■ Source material
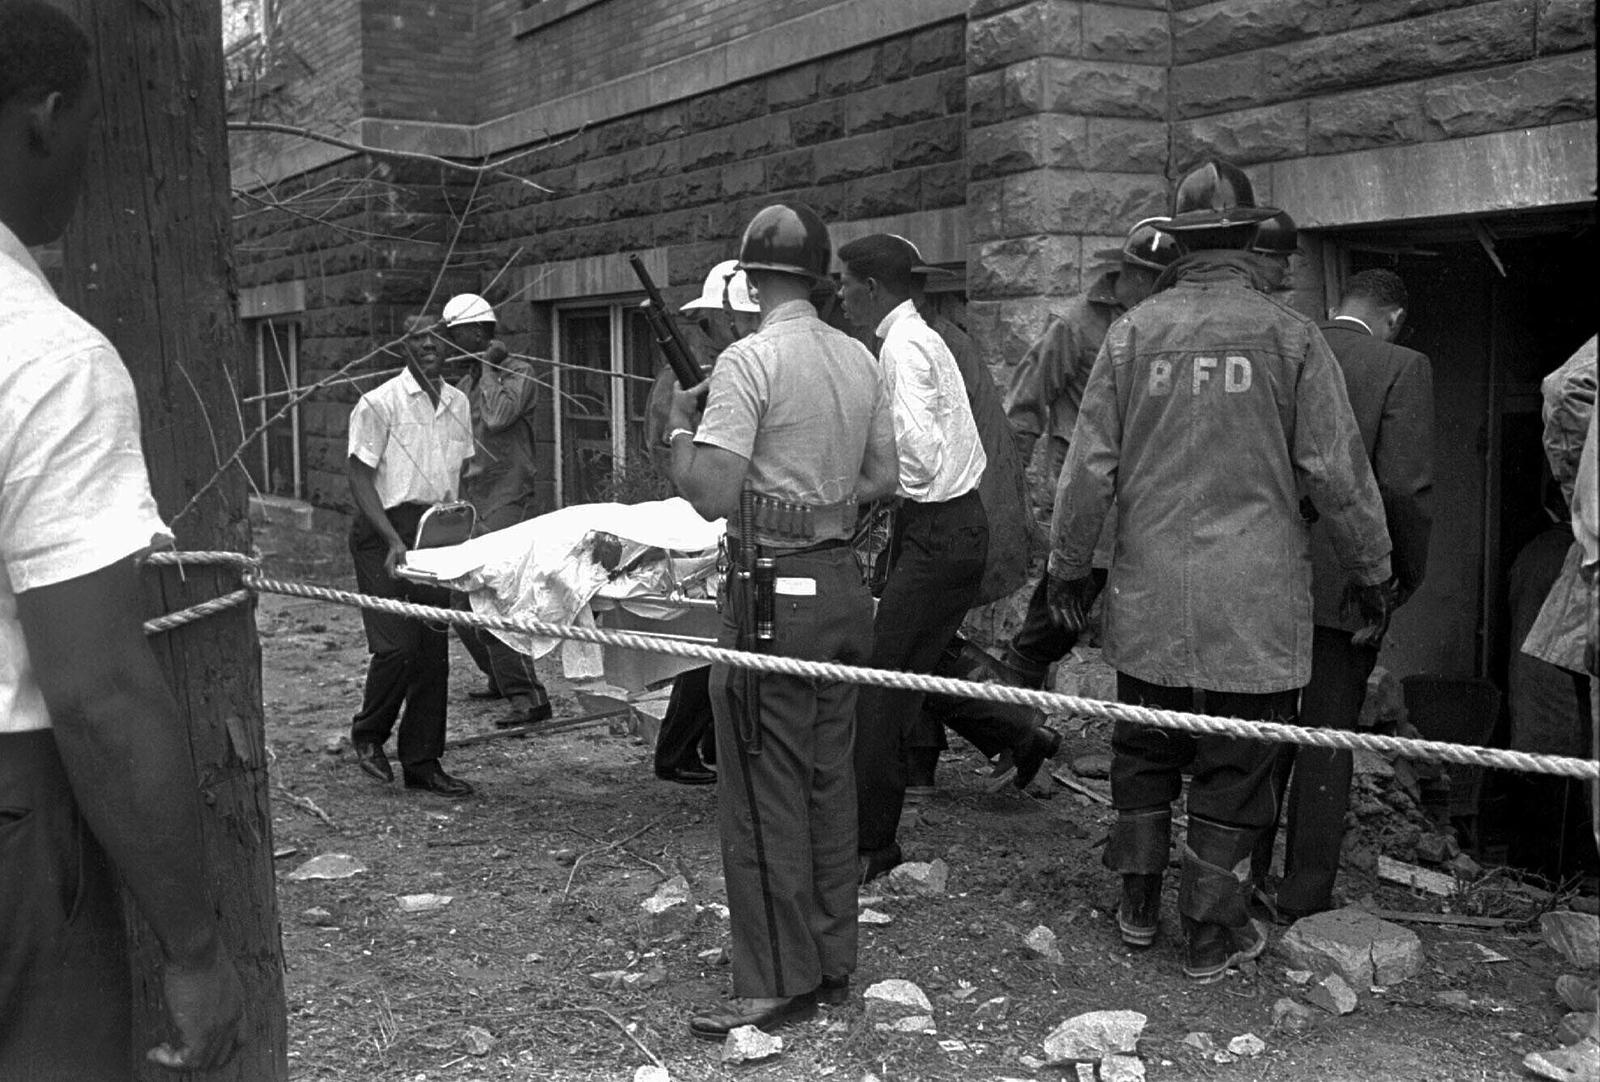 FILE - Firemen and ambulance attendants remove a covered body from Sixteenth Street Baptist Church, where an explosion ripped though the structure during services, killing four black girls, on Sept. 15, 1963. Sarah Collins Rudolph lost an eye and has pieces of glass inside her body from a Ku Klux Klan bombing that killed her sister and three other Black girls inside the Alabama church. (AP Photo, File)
---
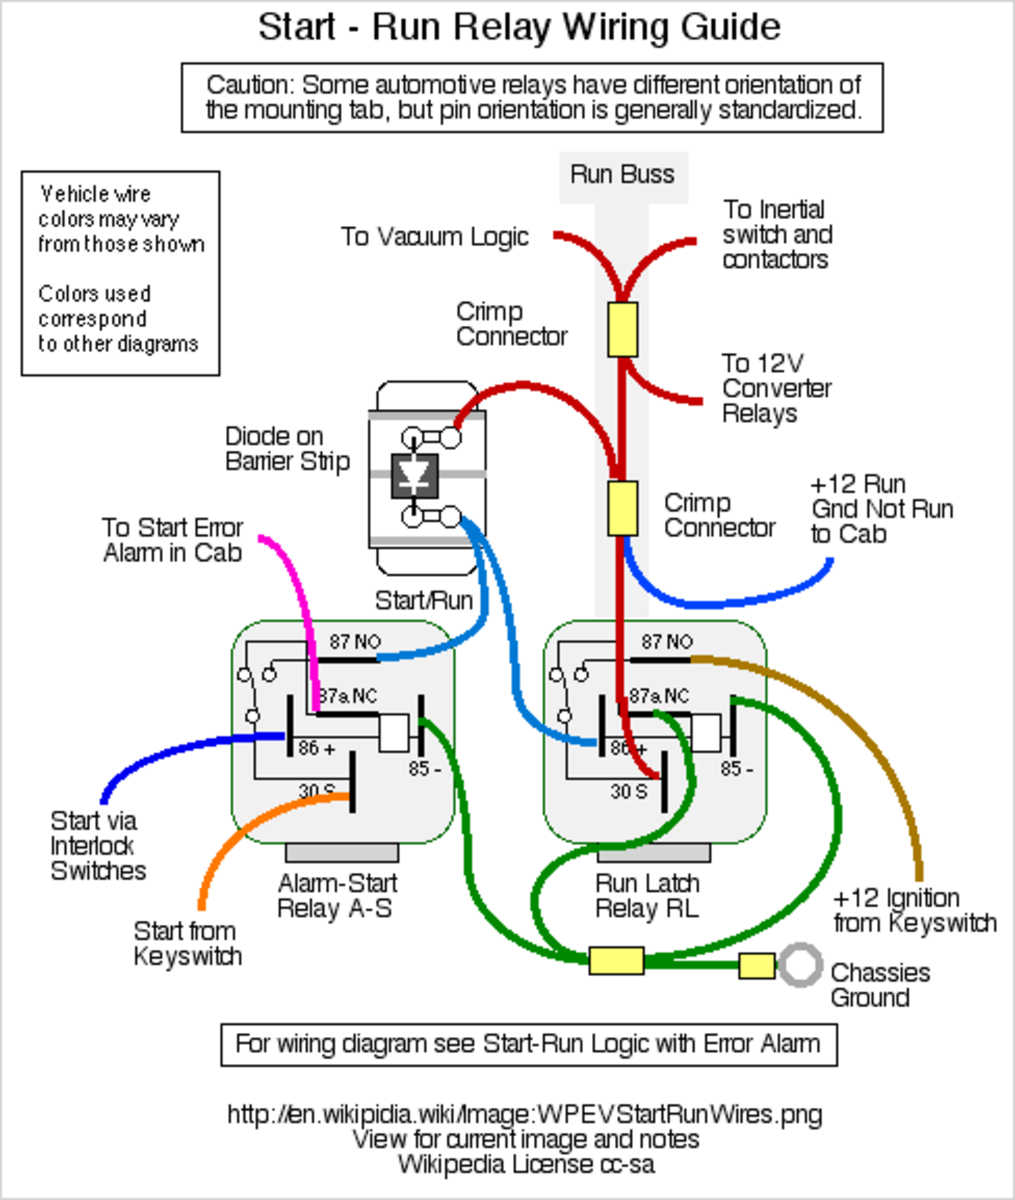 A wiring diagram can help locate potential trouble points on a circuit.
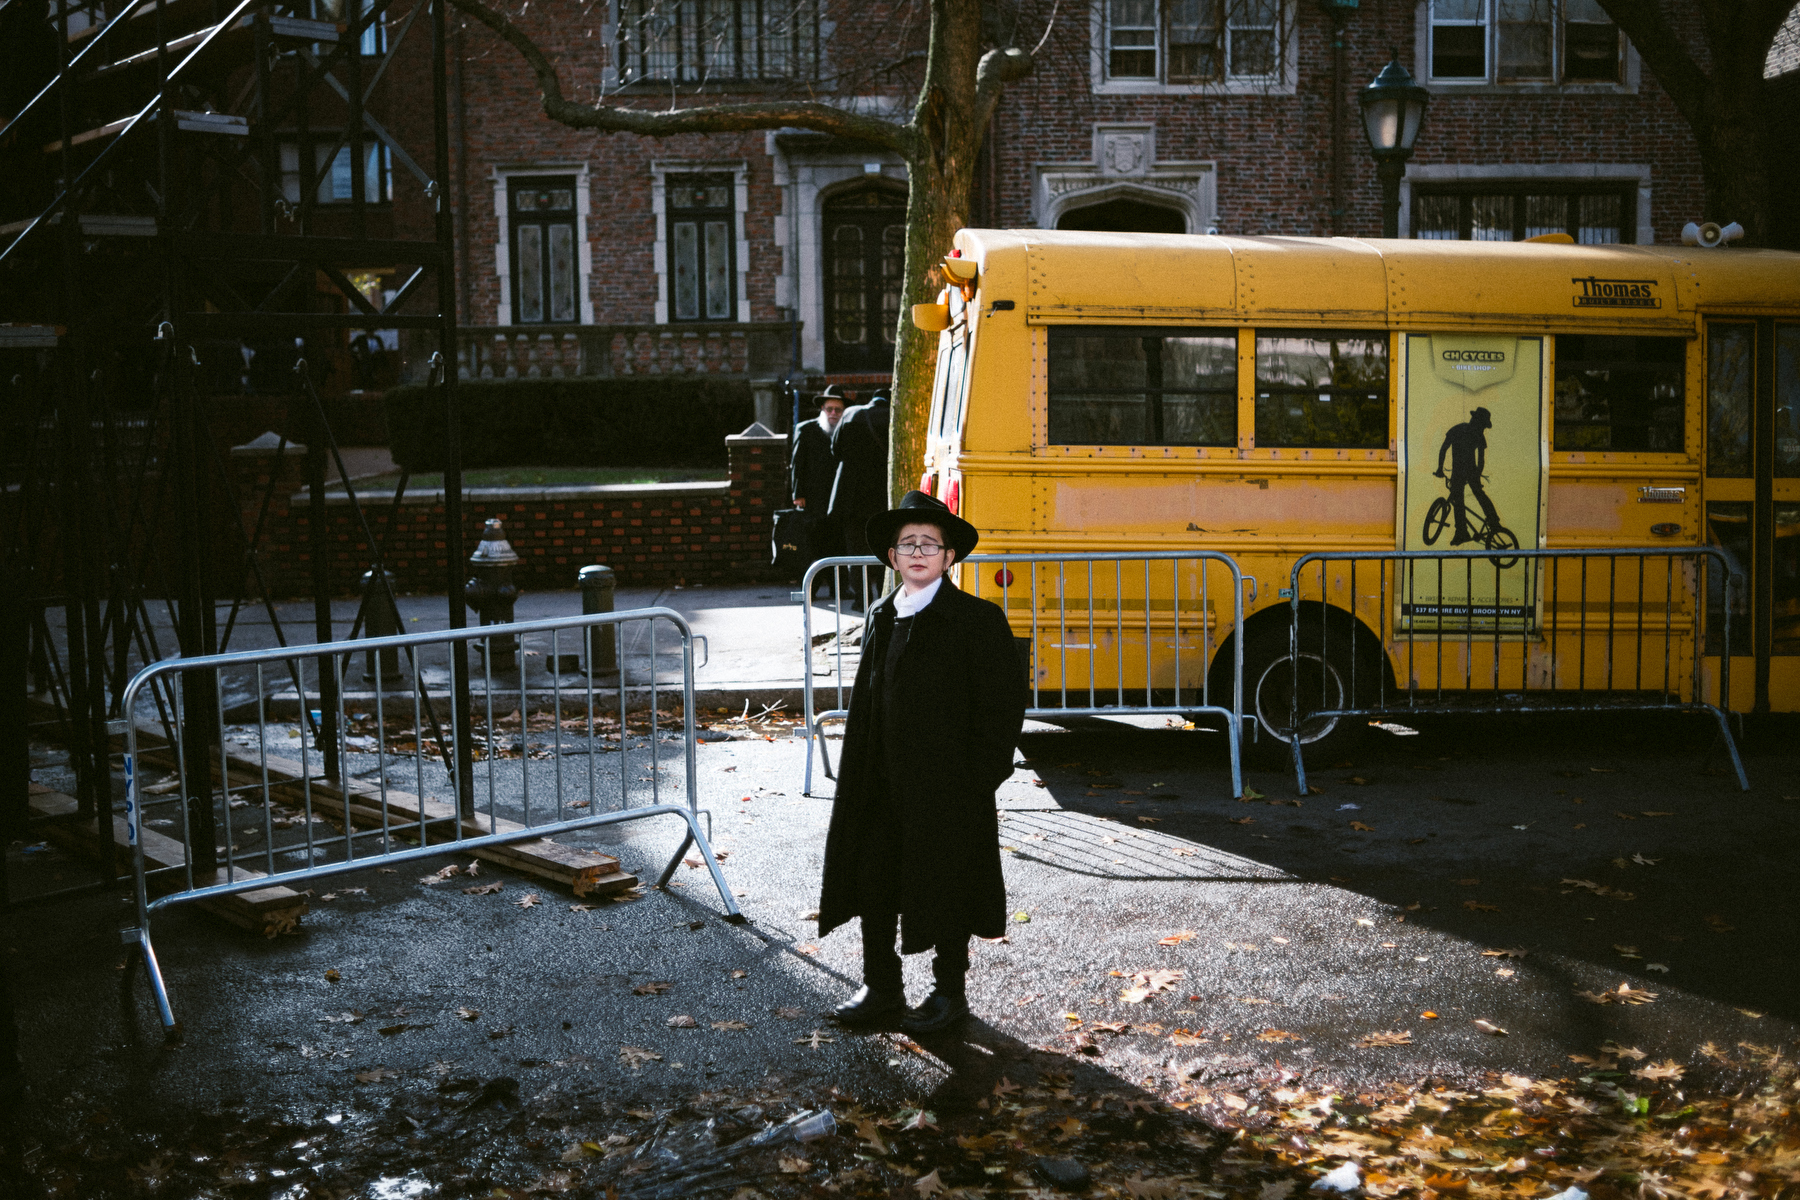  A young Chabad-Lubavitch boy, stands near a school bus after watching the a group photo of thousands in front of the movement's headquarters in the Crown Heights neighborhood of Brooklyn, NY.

■ What you will do
Output exactly the stretch of the listing that begins at the line containing "A wiring diagram" and ends at the line containing "A young Chabad-Lubavitch", both kept. Omit pictures and everything else.

■ Solution to this problem
 A wiring diagram can help locate potential trouble points on a circuit.
  A young Chabad-Lubavitch boy, stands near a school bus after watching the a group photo of thousands in front of the movement's headquarters in the Crown Heights neighborhood of Brooklyn, NY.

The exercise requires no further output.